Given the entries below, please return each one exactly.

— Stored items from a collection —
------------------------------------

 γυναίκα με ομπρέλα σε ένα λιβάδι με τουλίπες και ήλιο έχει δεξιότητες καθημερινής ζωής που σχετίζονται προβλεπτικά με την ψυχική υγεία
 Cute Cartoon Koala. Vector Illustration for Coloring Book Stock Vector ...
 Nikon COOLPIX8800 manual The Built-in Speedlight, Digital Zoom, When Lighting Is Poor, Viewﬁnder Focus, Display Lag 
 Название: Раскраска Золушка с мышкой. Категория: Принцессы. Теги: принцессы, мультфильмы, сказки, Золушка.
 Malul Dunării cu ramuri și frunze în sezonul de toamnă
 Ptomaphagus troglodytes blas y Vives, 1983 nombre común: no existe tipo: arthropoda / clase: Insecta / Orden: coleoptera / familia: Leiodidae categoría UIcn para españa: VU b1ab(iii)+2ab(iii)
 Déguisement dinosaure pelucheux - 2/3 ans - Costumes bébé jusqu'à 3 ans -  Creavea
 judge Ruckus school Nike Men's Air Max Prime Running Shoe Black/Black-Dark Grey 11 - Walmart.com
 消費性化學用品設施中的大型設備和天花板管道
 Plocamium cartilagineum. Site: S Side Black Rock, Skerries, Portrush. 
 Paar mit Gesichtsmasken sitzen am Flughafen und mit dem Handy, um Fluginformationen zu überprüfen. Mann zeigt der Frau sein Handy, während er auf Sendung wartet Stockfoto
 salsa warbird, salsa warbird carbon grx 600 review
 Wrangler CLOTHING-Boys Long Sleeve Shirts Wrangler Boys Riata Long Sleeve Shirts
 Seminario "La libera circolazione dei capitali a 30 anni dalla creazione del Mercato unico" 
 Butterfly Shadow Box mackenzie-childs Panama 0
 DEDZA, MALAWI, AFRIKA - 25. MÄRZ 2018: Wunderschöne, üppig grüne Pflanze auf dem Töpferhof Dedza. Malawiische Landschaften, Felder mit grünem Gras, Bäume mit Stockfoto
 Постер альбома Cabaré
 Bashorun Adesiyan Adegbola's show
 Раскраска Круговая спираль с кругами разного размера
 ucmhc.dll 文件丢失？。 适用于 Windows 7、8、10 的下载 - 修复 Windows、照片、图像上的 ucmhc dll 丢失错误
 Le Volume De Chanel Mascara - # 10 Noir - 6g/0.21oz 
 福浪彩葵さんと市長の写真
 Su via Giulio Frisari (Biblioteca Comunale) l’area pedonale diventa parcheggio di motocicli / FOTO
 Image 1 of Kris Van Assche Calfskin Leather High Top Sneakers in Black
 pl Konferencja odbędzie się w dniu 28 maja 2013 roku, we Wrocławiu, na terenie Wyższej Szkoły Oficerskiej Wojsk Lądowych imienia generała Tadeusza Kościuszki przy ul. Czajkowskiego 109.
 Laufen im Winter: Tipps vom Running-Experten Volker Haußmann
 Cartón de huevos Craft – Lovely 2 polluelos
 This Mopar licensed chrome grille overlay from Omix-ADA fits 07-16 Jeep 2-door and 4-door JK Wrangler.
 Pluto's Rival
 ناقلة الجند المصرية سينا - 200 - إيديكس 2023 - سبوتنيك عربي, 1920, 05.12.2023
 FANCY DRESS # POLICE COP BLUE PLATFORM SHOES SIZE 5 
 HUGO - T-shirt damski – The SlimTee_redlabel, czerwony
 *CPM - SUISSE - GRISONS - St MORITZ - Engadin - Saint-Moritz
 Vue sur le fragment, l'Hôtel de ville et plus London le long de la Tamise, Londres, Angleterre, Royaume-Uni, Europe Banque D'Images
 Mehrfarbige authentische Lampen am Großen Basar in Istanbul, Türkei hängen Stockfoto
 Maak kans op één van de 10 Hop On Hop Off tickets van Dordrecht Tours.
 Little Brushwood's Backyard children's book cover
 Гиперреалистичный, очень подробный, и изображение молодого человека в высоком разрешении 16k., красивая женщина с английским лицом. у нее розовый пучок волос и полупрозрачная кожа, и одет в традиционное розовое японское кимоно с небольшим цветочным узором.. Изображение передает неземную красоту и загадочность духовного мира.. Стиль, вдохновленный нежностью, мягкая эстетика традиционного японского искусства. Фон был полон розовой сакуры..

------------------------------------

— Exercise answer —
 γυναίκα με ομπρέλα σε ένα λιβάδι με τουλίπες και ήλιο έχει δεξιότητες καθημερινής ζωής που σχετίζονται προβλεπτικά με την ψυχική υγεία
 Cute Cartoon Koala. Vector Illustration for Coloring Book Stock Vector ...
 Nikon COOLPIX8800 manual The Built-in Speedlight, Digital Zoom, When Lighting Is Poor, Viewﬁnder Focus, Display Lag 
 Название: Раскраска Золушка с мышкой. Категория: Принцессы. Теги: принцессы, мультфильмы, сказки, Золушка.
 Malul Dunării cu ramuri și frunze în sezonul de toamnă
 Ptomaphagus troglodytes blas y Vives, 1983 nombre común: no existe tipo: arthropoda / clase: Insecta / Orden: coleoptera / familia: Leiodidae categoría UIcn para españa: VU b1ab(iii)+2ab(iii)
 Déguisement dinosaure pelucheux - 2/3 ans - Costumes bébé jusqu'à 3 ans -  Creavea
 judge Ruckus school Nike Men's Air Max Prime Running Shoe Black/Black-Dark Grey 11 - Walmart.com
 消費性化學用品設施中的大型設備和天花板管道
 Plocamium cartilagineum. Site: S Side Black Rock, Skerries, Portrush. 
 Paar mit Gesichtsmasken sitzen am Flughafen und mit dem Handy, um Fluginformationen zu überprüfen. Mann zeigt der Frau sein Handy, während er auf Sendung wartet Stockfoto
 salsa warbird, salsa warbird carbon grx 600 review
 Wrangler CLOTHING-Boys Long Sleeve Shirts Wrangler Boys Riata Long Sleeve Shirts
 Seminario "La libera circolazione dei capitali a 30 anni dalla creazione del Mercato unico" 
 Butterfly Shadow Box mackenzie-childs Panama 0
 DEDZA, MALAWI, AFRIKA - 25. MÄRZ 2018: Wunderschöne, üppig grüne Pflanze auf dem Töpferhof Dedza. Malawiische Landschaften, Felder mit grünem Gras, Bäume mit Stockfoto
 Постер альбома Cabaré
 Bashorun Adesiyan Adegbola's show
 Раскраска Круговая спираль с кругами разного размера
 ucmhc.dll 文件丢失？。 适用于 Windows 7、8、10 的下载 - 修复 Windows、照片、图像上的 ucmhc dll 丢失错误
 Le Volume De Chanel Mascara - # 10 Noir - 6g/0.21oz 
 福浪彩葵さんと市長の写真
 Su via Giulio Frisari (Biblioteca Comunale) l’area pedonale diventa parcheggio di motocicli / FOTO
 Image 1 of Kris Van Assche Calfskin Leather High Top Sneakers in Black
 pl Konferencja odbędzie się w dniu 28 maja 2013 roku, we Wrocławiu, na terenie Wyższej Szkoły Oficerskiej Wojsk Lądowych imienia generała Tadeusza Kościuszki przy ul. Czajkowskiego 109.
 Laufen im Winter: Tipps vom Running-Experten Volker Haußmann
 Cartón de huevos Craft – Lovely 2 polluelos
 This Mopar licensed chrome grille overlay from Omix-ADA fits 07-16 Jeep 2-door and 4-door JK Wrangler.
 Pluto's Rival
 ناقلة الجند المصرية سينا - 200 - إيديكس 2023 - سبوتنيك عربي, 1920, 05.12.2023
 FANCY DRESS # POLICE COP BLUE PLATFORM SHOES SIZE 5 
 HUGO - T-shirt damski – The SlimTee_redlabel, czerwony
 *CPM - SUISSE - GRISONS - St MORITZ - Engadin - Saint-Moritz
 Vue sur le fragment, l'Hôtel de ville et plus London le long de la Tamise, Londres, Angleterre, Royaume-Uni, Europe Banque D'Images
 Mehrfarbige authentische Lampen am Großen Basar in Istanbul, Türkei hängen Stockfoto
 Maak kans op één van de 10 Hop On Hop Off tickets van Dordrecht Tours.
 Little Brushwood's Backyard children's book cover
 Гиперреалистичный, очень подробный, и изображение молодого человека в высоком разрешении 16k., красивая женщина с английским лицом. у нее розовый пучок волос и полупрозрачная кожа, и одет в традиционное розовое японское кимоно с небольшим цветочным узором.. Изображение передает неземную красоту и загадочность духовного мира.. Стиль, вдохновленный нежностью, мягкая эстетика традиционного японского искусства. Фон был полон розовой сакуры..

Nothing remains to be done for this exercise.